From Stephen Crane's "The Bride Comes to Yellow Sky"— a newly-wed couple travel for once, above their means, in a first-class Pullman railway car:
To the minds of the pair, their surroundings reflected the glory of their marriage that morning in San Antonio. This was the environment of their new estate, and the man's face, in particular, beamed with an elation that made him appear ridiculous to the Negro porter. This individual at times surveyed them from afar with an amused and superior grin. On other occasions he bullied them with skill in ways that did not make it exactly plain to them that they were being bullied. He subtly used all the manners of the most unconquerable kind of snobbery. He oppressed them, but of this oppression they had small knowledge, and they speedily forgot that unfrequently a number of travellers covered them with stares of derisive enjoyment. Historically there was supposed to be something infinitely humourous in their situation.
'We are due in Yellow Sky at 3.42,' he said, looking tenderly into her eyes.
'Oh, are we?' she said, as if she had not been aware of it.
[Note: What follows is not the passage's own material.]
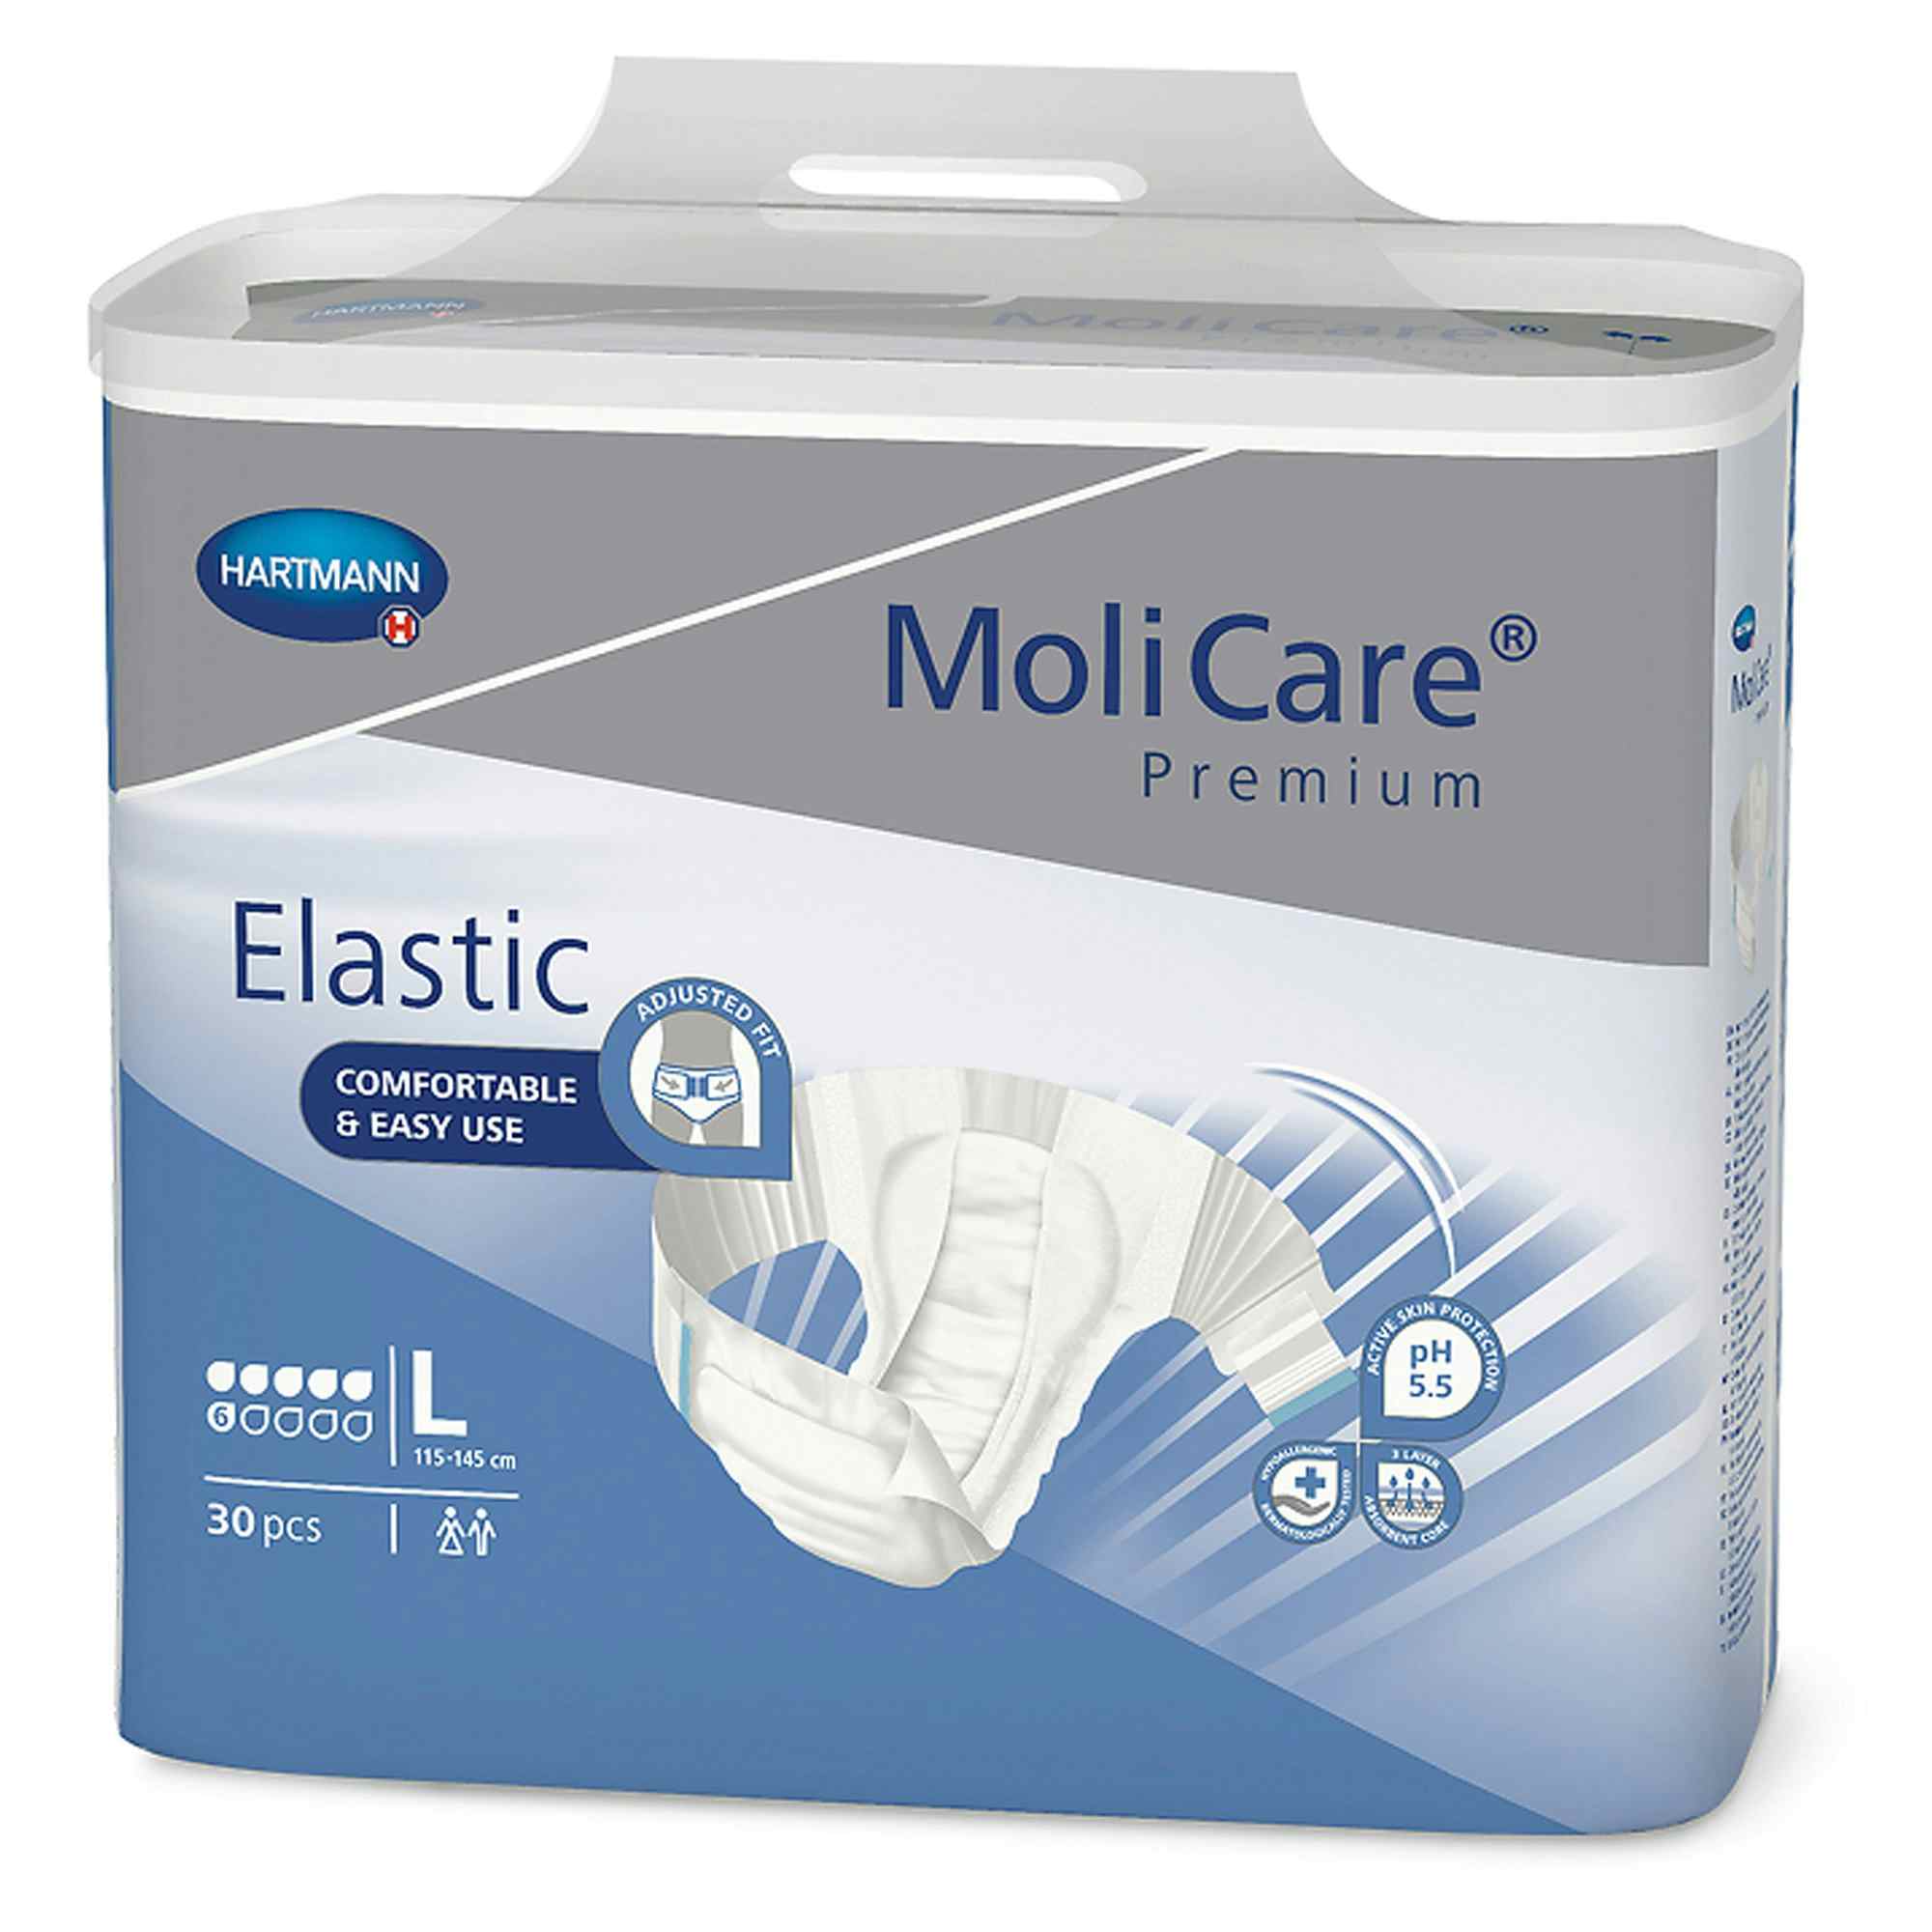 MoliCare Premium Elastic 6D Disposable Brief Adult Diapers with Tabs, Moderate Absorbency, 165273, Large (45-57") - Case of 90

To evince surprise at her husband's statement was part of her wifely amiability She took from a pocket a little silver watch, and as she held it before her, and stared at it with a frown of attnetion, the new husband's face shone.
'I bought it in San Anton' from a friend of mine,' he told her gleefully.
'It's seventeen minutes past twelve, she said, looking up at him with a kind of shy and clumsy coquetry.
A passenter, noting this play, grew excessively sardonic, and winked at himself in one of the numerous mirrors.
At last they went into the dining-car. Two rows of Negro waiters in dazzling white suits surveyed their entrance with the interest, and also the equanimity, of men who had been fore-warned. The pair fell to the lot of a waiter who happened to feel pleasure in steering them through their meal. He viewed them with the manner of a fatherly pilot, his countenance radiant with benevolence. The patronage entwined with the ordinary deference was not palpable to them. And yet as they returned to their coach they showed in their faces a sense of escape.